Here is a summary of the main points concerning exercise and weight loss:

# Calories burned charts do not take into account the calories you would have burned just by sitting. In other words, if you walked for half an hour and burned 200 calories, but by sitting you would have burned 50 - then the net result is actually only an extra 150 calories burned.

# If you walk or run on a treadmill, the aid of the machine diminishes the number of calories your body uses by about 10 to 15 percent of what the machine says you are burning.

# When you diet without exercising, you lose both muscle and fat, which is counterproductive because muscle loss significantly lowers your basic metabolic rate, the number of calories your body uses at rest.

# The more muscle groups involved in your activities, the more calories you are likely to burn. That is why working out against gravity uses more calories than non-weight-bearing activities.

# If you engage in resistance exercises — working out with weights or on machines that strengthen various muscle groups — you may gain several pounds of muscle that partly offset the loss of body fat.

# With greater muscle mass, your basic metabolic rate will rise and you will burn more calories all day and night.

# Those less skilled make unnecessary movements or have to work harder at the activity, using more calories an hour than those who perform it efficiently.

# Both aerobic and resistance exercises raise energy expenditure over the next 12 to 24 hours, but the range is great — from 10 to 150 calories, depending on the type of activity and how long and vigorously it was done.
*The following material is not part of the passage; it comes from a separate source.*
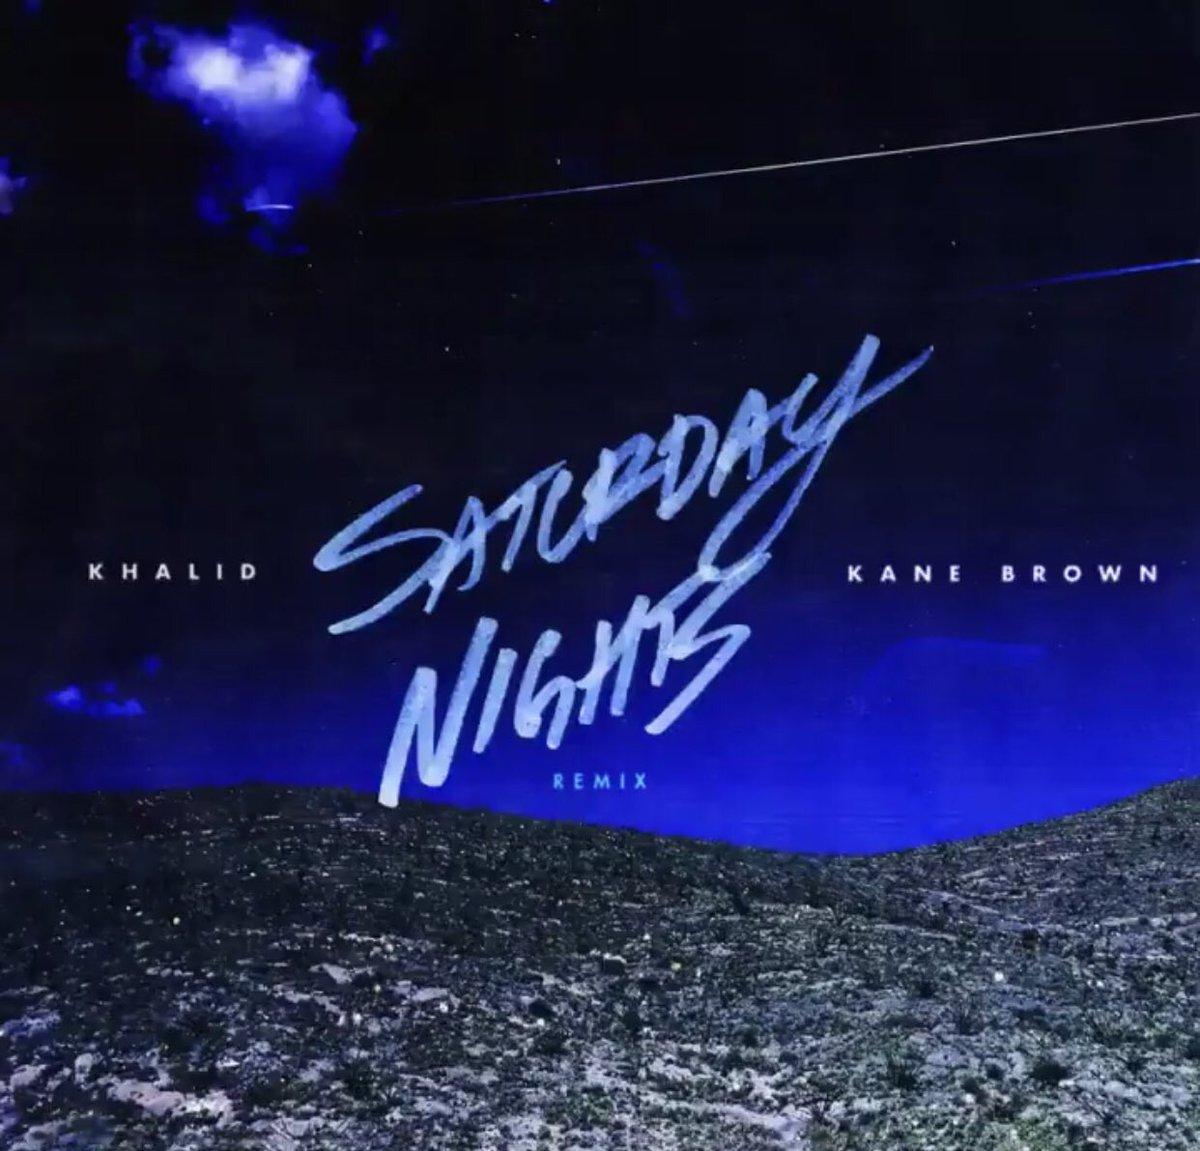 me listening to the saturday nights remix @thegreatkhalid @kanebrown

# People who are overweight or obese burn more calories proportionately doing the same activity, for the same duration and at the same intensity, than those of normal weight.

# Some people compensate for the calories burned by eating more or doing less.

# People are born with metabolic differences. Some have a higher resting metabolic rate or produce more fat-burning enzymes than others. People with a low percentage of slow-twitch muscle fibers seem less able to burn fat in skeletal muscles and thus may have a harder time losing weight through exercise.

# Women tend to burn more fat under the skin but have a harder time getting rid of abdominal fat than men do.